Apparently people read books, as there are at least 31 bookstores in Guad. I know because some website lists that many. The five I know are excellent, my favorite of these being of two large floors and covering everything from the pre-Socratics through biochemistry. In Spanish. Violeta is reading a vast book on Cataluñian syndicalism in Barcelona after the First World War. Somewhat acerbically, I suppose, I wonder how many Americans, including college grads, know what Cataluñian means, what syndicalism is, what ocean borders on Barcelona, or the dates of the war.


Americans are mostly against mass immigration, which is reasonable, but do not seem hostile to Mexicans, which is different. Vi and I have travelled much of the United States and, with one exception, have encountered only friendliness. Under the circumstances, that’s a lot of civility. At my fiftieth high-school reunion in rural King George County, Virginia, Vi was a great hit and ended up leading the girls in dancing.


Finally, a brief eruption into sociology. Mexico is said to be politically unstable. Given the power of the narcos and a level of corruption equal to that in America, this is plausible. On the other hand, I have been hearing this for 20 years, so perhaps the country is stably unstable.

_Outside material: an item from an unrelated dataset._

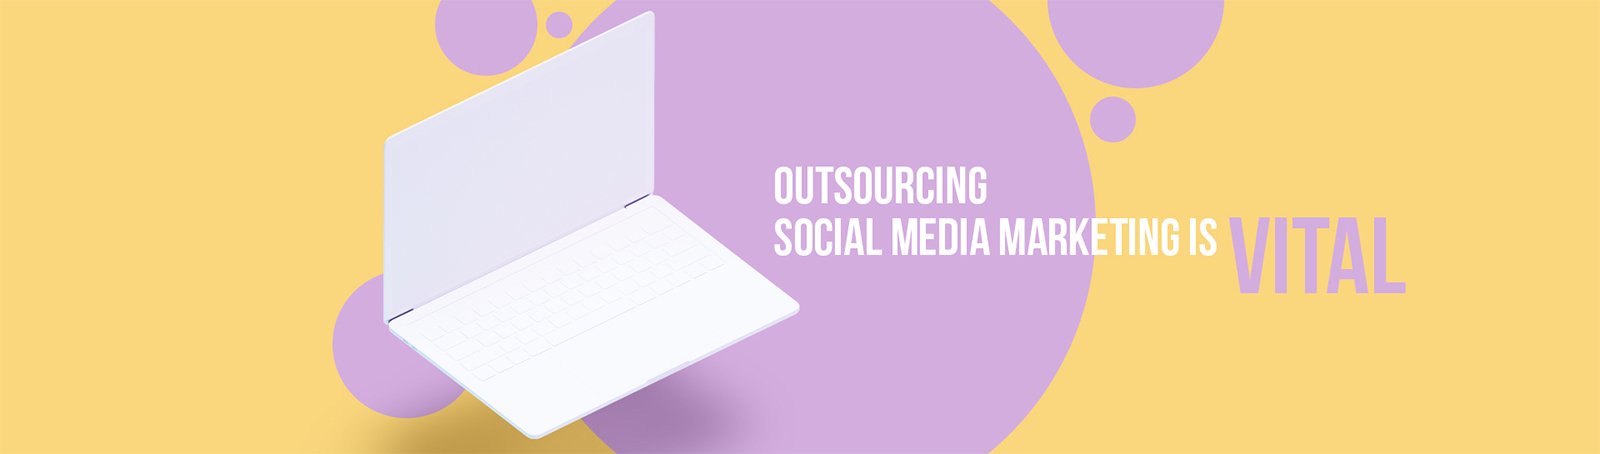 Outsourcing your Social Media Marketing is now vital

It is, however, culturally stable. It is almost a monoculture, has a universal language, and is overwhelmingly Catholic while being devoid of friction with Protestant denominations. There is no color line but a racial blur that produces nothing resembling the racial hostilities in America. There is legal separation of church and state, but this does not mean, as in the US, an attempt to abolish Christianity. I don’t know how many really believe, but towns are happy to celebrate the days of their patron saints with splendid fiestas, belief or no.


By contrast, the United States is neither politically nor culturally stable, with no common culture, religion, or language, intense political division, powerful racial and ethnic divisions, and a collapsing economy.


That’s life in a Third World Hellhole.